The Fundación de Mujeres en Puerto Rico (FMnPR) / the Puerto Rico Women’s Foundation (PRWF), opened their doors in January of 2020 after three years of assembling a range of trailblazing women leaders from Puerto Rico and the diaspora. From the outset, the PRWF was designed to go beyond simply contributing to disaster-relief efforts, but to be a force combatting the core gender and racial biases that relentlessly undermine the position of Puerto Rico’s women and gender-fluid individuals and gravely exacerbate the tolls borne by those groups during any time of crisis.
However, the new organization immediately faced the global COVID pandemic that further decimated the resources of Puerto Rican communities and families still reeling from Hurricane Maria.
The PRWF’s founders moved quickly. They secured an initial base of funding from individual Latinx donors and select foundations—including a $100,000 two-year seed grant from The New York Women’s Foundation. They adopted a two-pronged agenda of supporting: (1) the dynamic women-led organizations that most authentically represent their constituents and best know the solutions that will work for them; and (2) the broader feminist philanthropic movement that is promoting systemic change across the globe.
THE NEED
Women provide the bedrock for Puerto Rico’s families, communities, and economy. They are:
- The primary caregivers and often the main or sole providers for children and other family members—a full 30% of Puerto Rican households are headed by single women;
- The first “boots on the ground” in times of crisis;
- Core members of the essential workforce whose pivotal importance—and acute vulnerability—emerged so starkly during the COVID pandemic;
- The primary providers of programs supporting the health, safety, leadership, and economic progress of other women and gender-fluid individuals; and
- Key advocates in the growing movement for racial and gender justice and equity.
Yet despite all these critical roles and achievements, women, girls, and gender fluid people in Puerto Rico are the demographic group least likely to receive proper recognition or fair treatment from society. Due to both unfair wage structures and a lack of adequate family support, their earnings are significantly lower than men’s and other women’s in any region of the United States. Households in Puerto Rico have a median annual income of $20,474, which is significantly less than the median annual income of $65,712 across the entire United States. The cost of living continues to rise, while salaries have not kept pace.

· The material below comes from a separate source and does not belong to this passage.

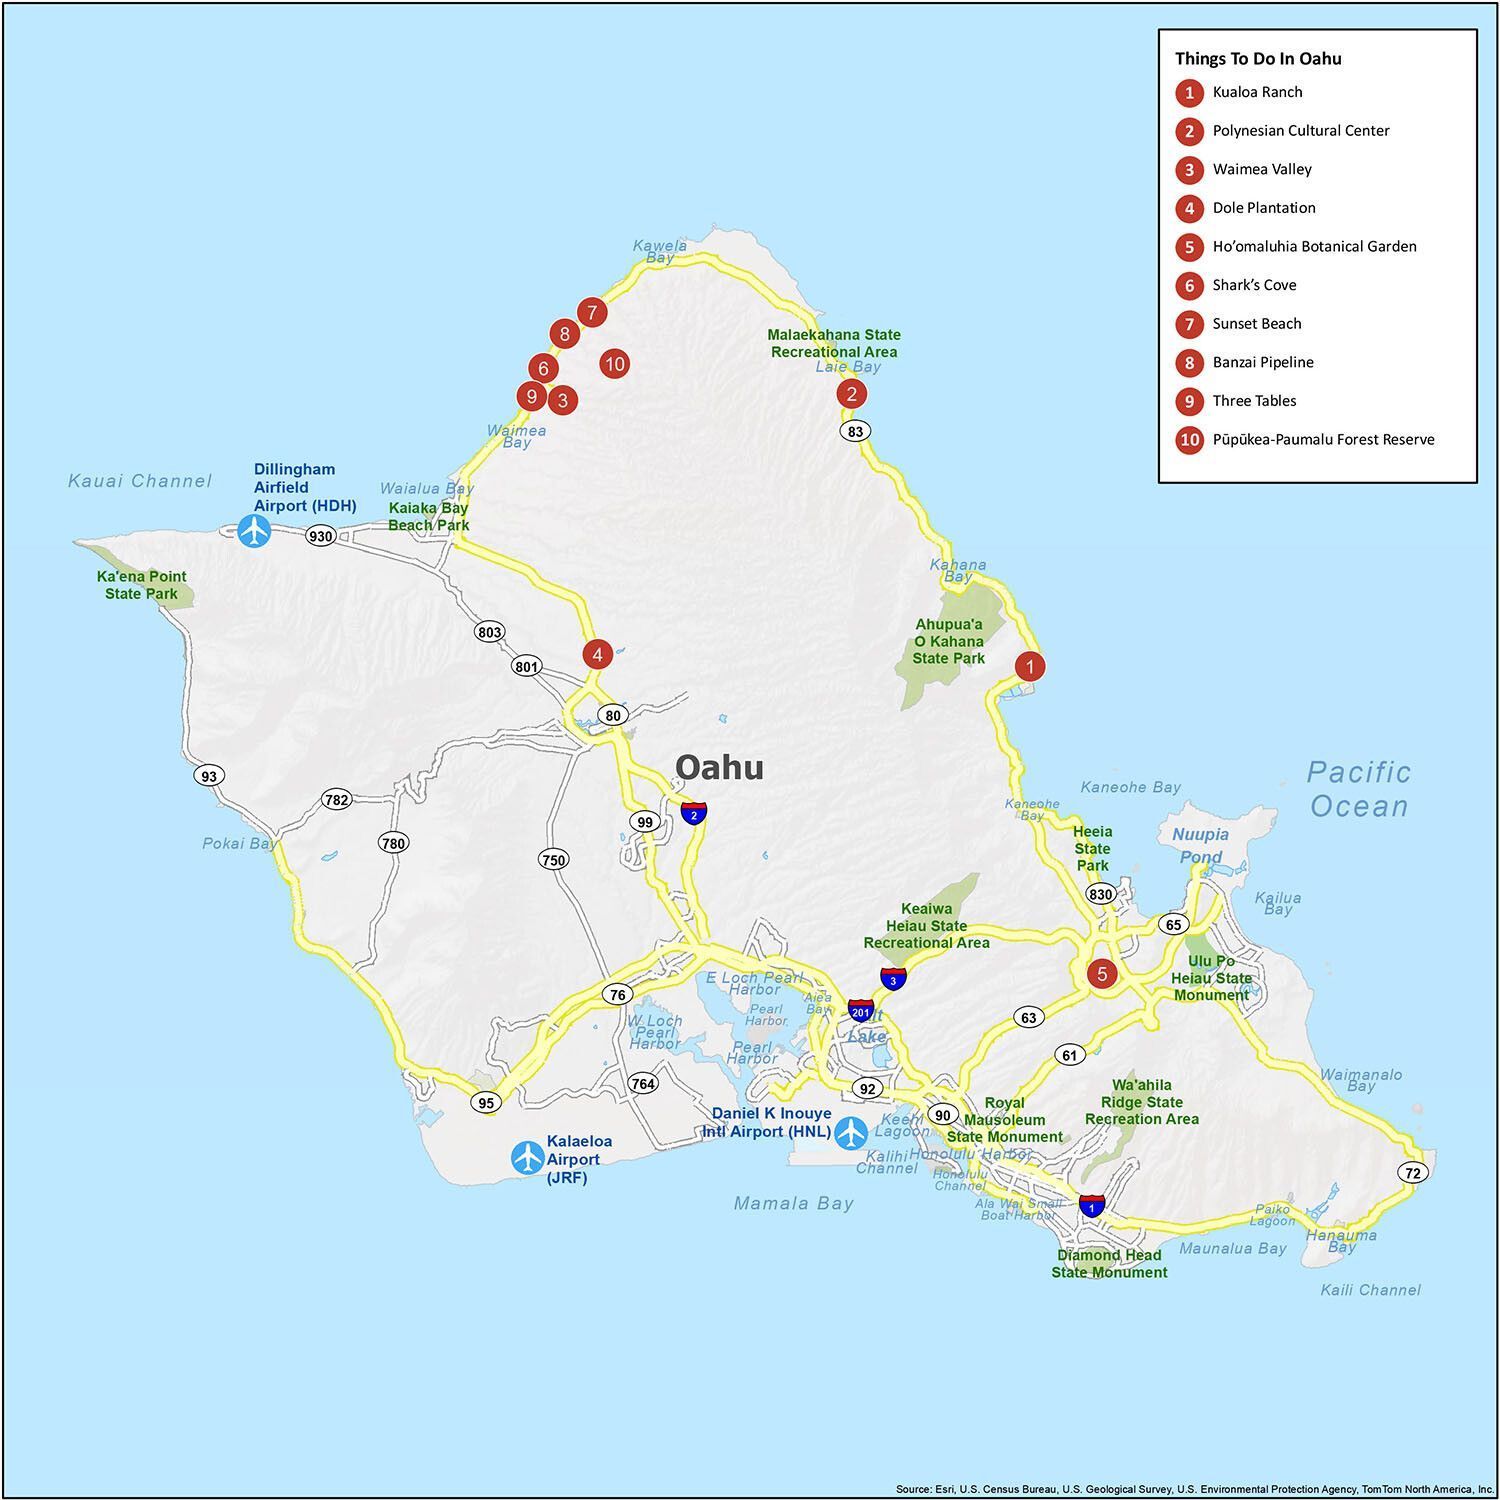 campground-map

POWERFUL GENDER-BASED SOLUTIONS
The PRWF created a new project focused on sustainable agriculture as a way to radically improve the economic stability of women farmers and their families, which also helps to combat gender-based violence. This project includes the neighboring municipalities of Vieques and Culebra which are often forgotten due to their geographical detachment to the main island.
Puerto Rico currently imports 80% of the food they consume – and the COVID-19 pandemic has deeply disrupted food distribution chains. A 2020 survey by George Washington University concluded that 40% of Puerto Rico residents are experiencing food insecurity. The development of new projects in agricultural businesses led by women not only allows economic autonomy among disadvantaged communities, but it is also seen as an opportunity to create movements that help the local livelihood of communities that benefit from agricultural products.

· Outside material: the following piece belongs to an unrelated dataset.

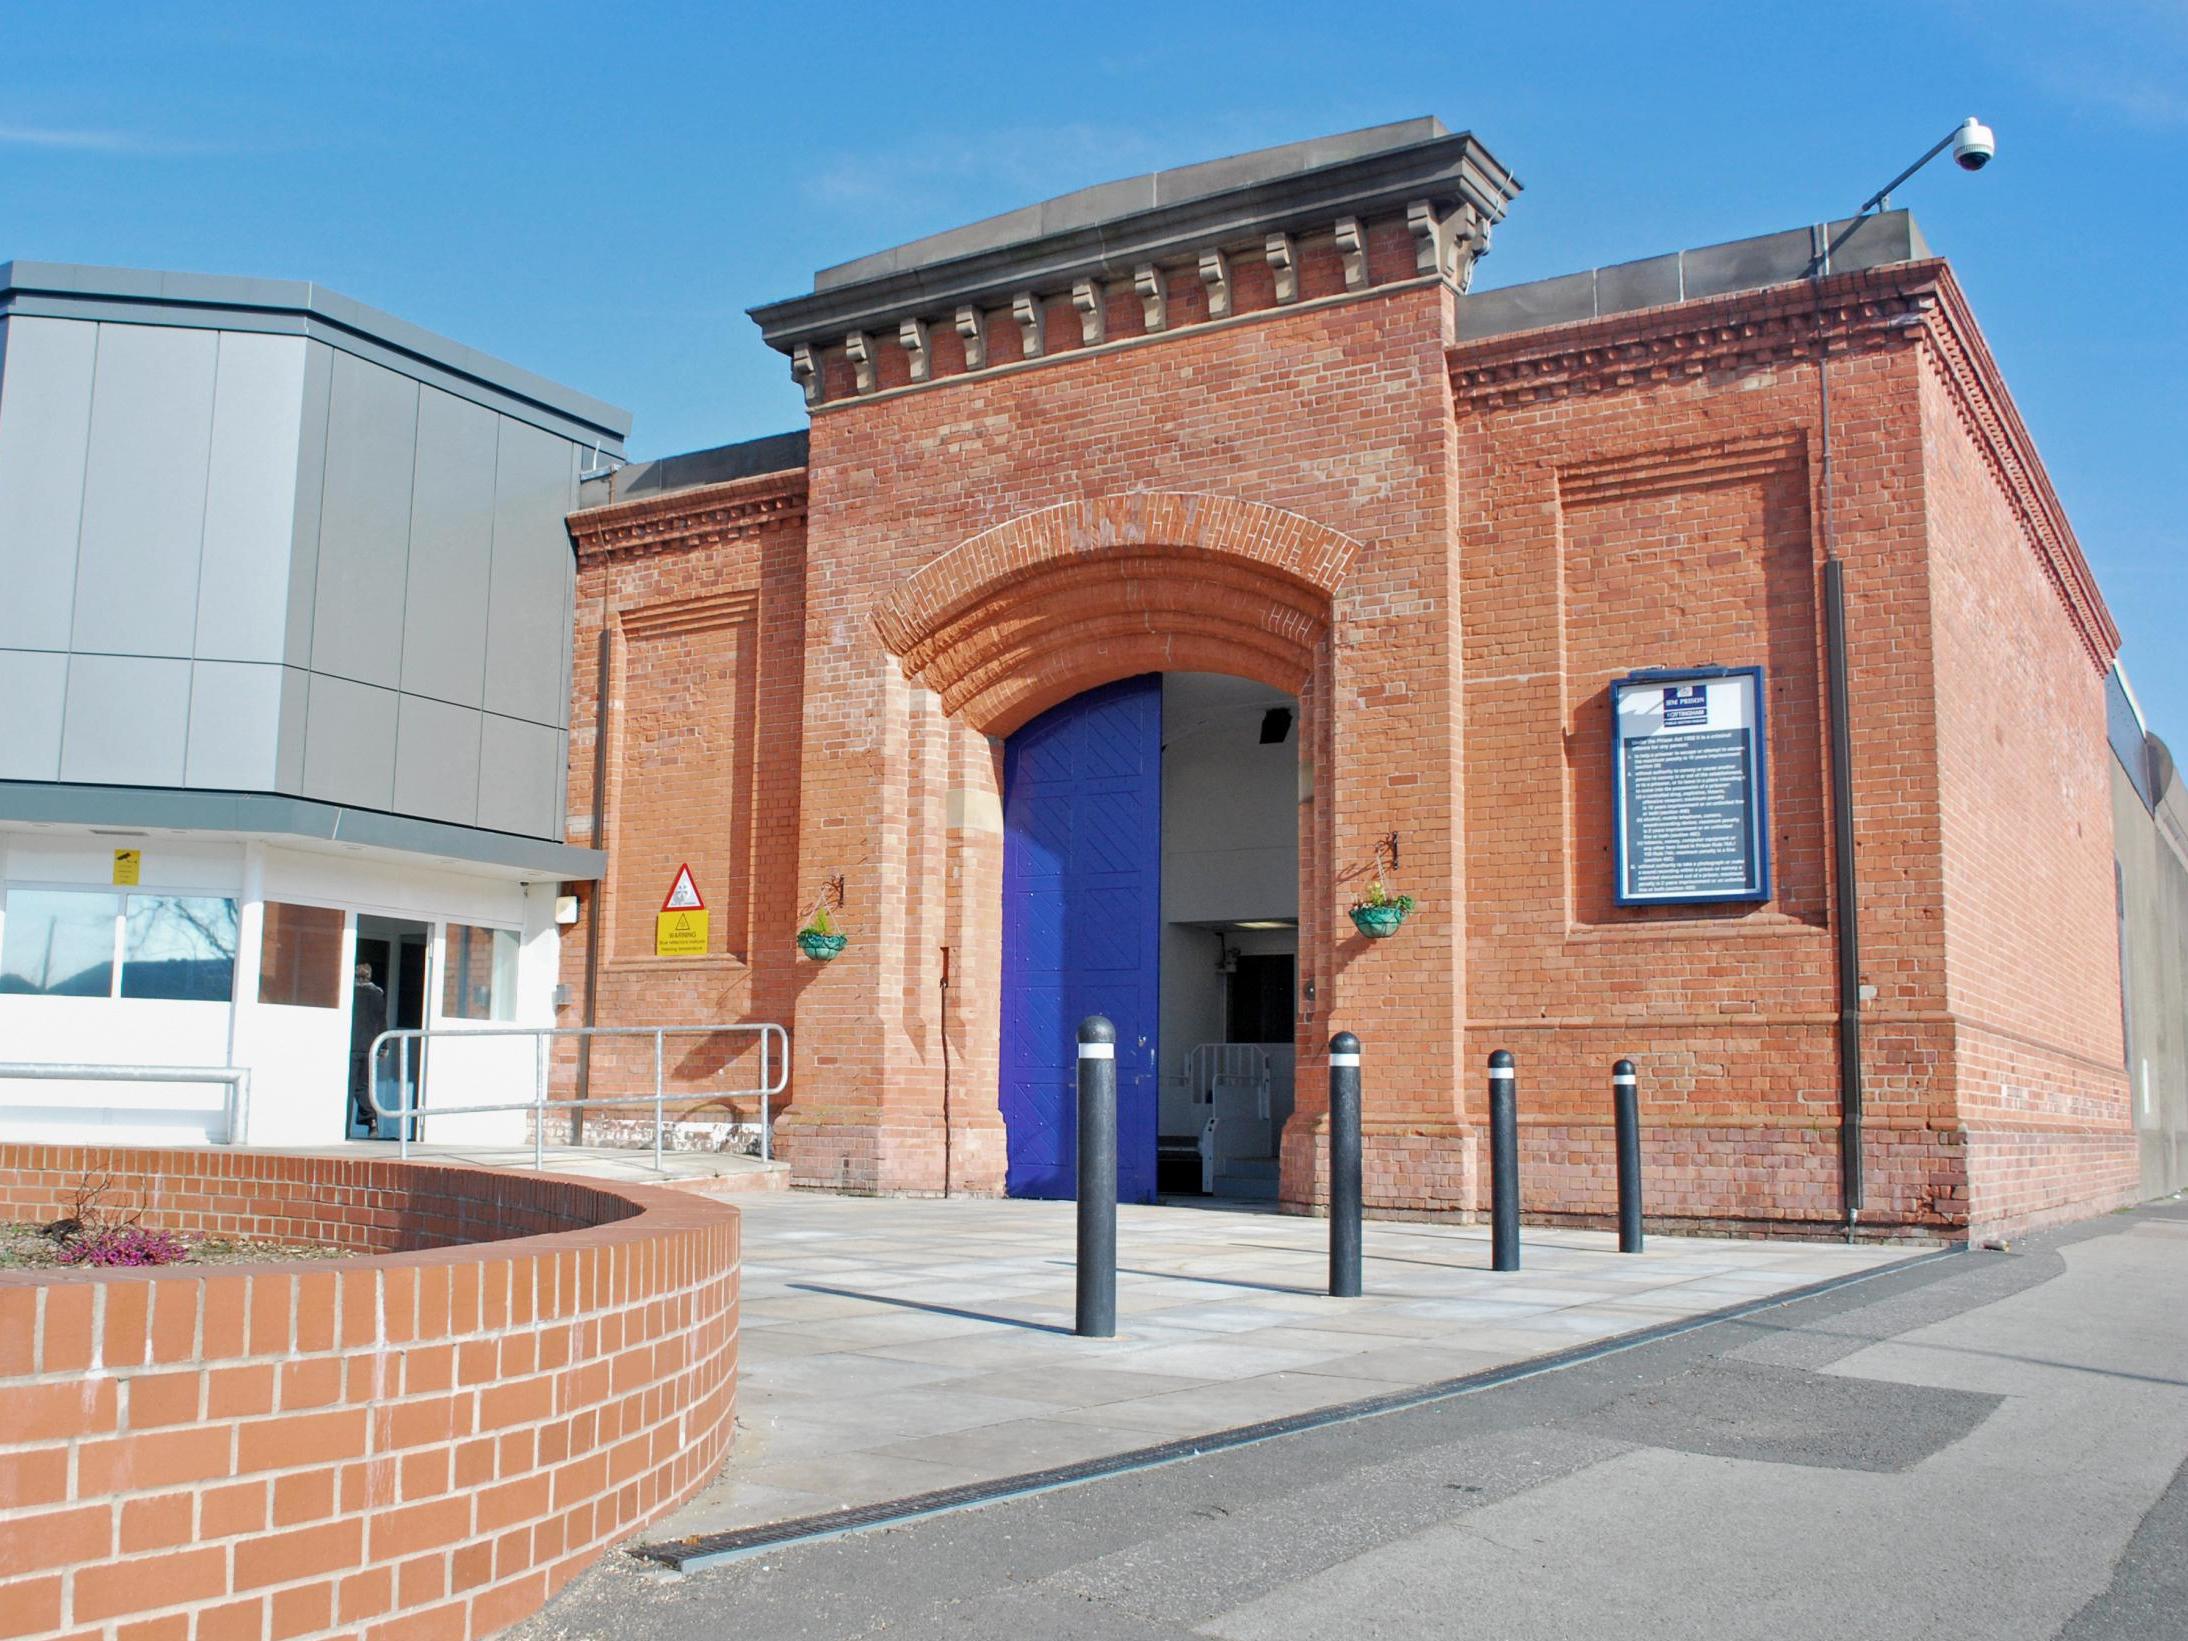 Prison officer has 'throat cut' by inmate at HMP Nottingham

In just two years, the PRWF established itself as a reliable ally of the network of organizations that have a gender and racial equity perspective in Puerto Rico, as the place they can go to obtain support to develop their projects, share hopes and make a solid impact.
“The Puerto Rico Women’s Foundation is in an ideal position to support women and women’s organizations on the island. The leadership behind the Foundation are long-time feminists and activists that have been engaged in the fight for equal rights for all Puertorricans, and women in particular. Their activism within the feminist movement on the island, gives them the advantage of channeling help where it is most needed, and to those who need it most.”

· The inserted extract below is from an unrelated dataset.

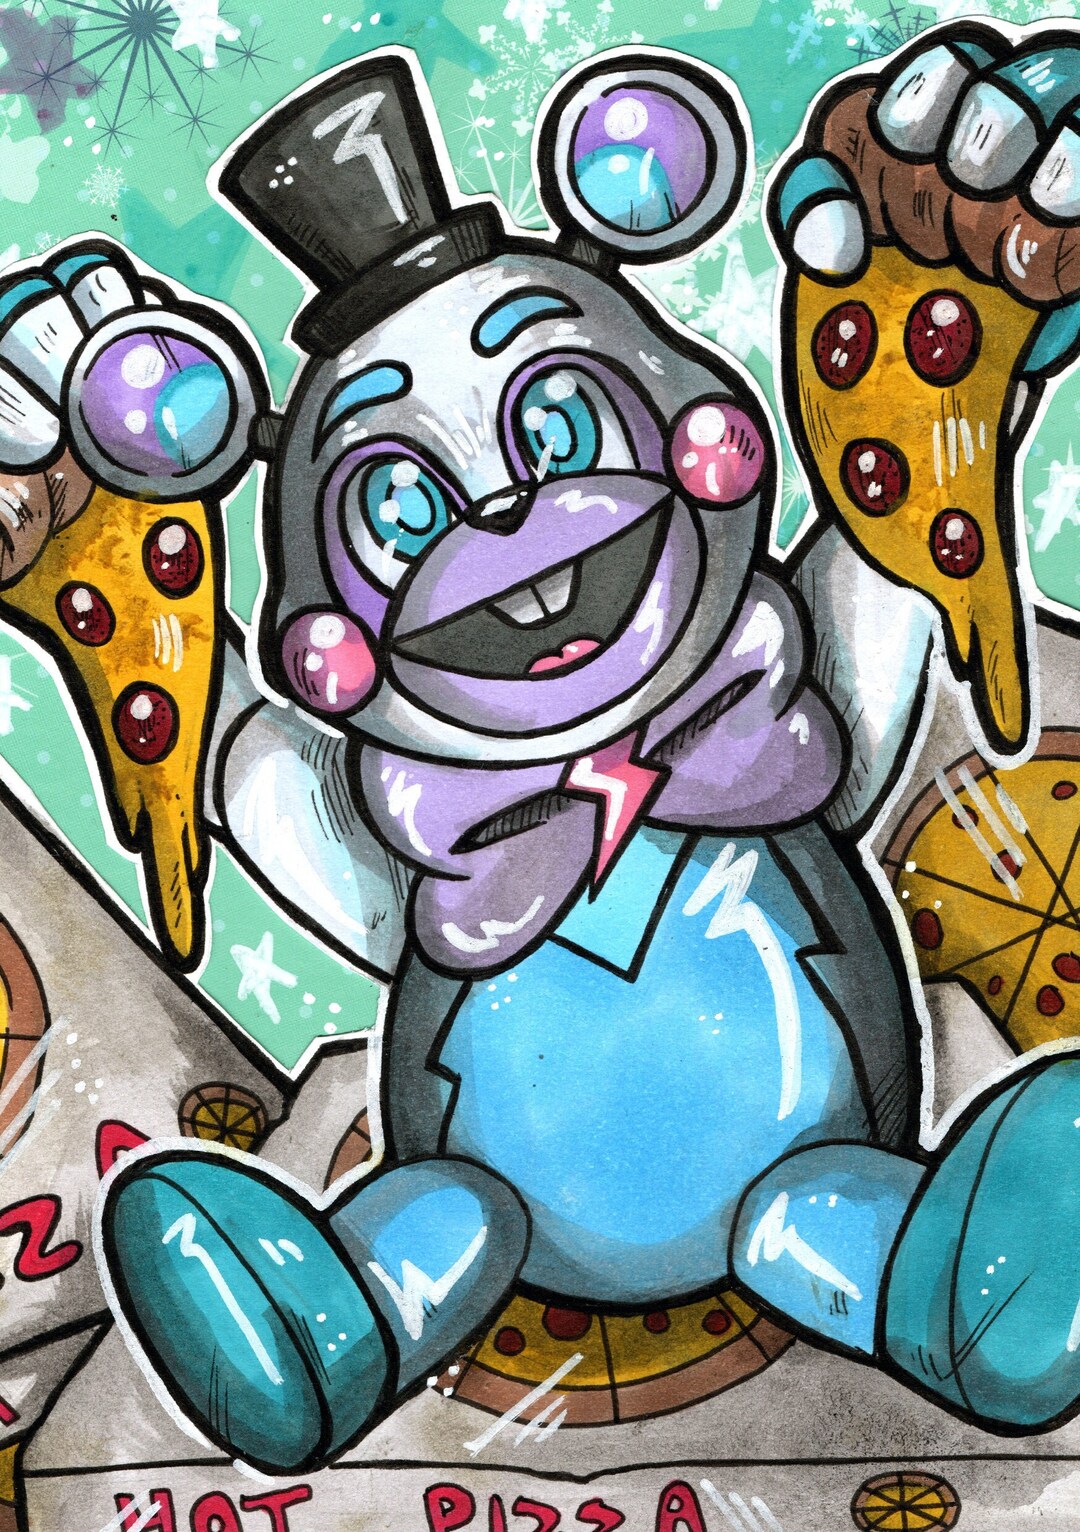 FNAF Funtime Chica 5x7in Art Print

- Veronica Colon Rosario, Executive Director
, Fundación de Mujeres en Puerto Rico
Strategic investment in organizations led by women in all their diversities, which are directly dedicated to empowering women, girls, and gender fluid people, as well as strengthening their families and communities, provides a safe and promising path to address the unjust hardships faced by so many of these families and communities and bring about true social transformation.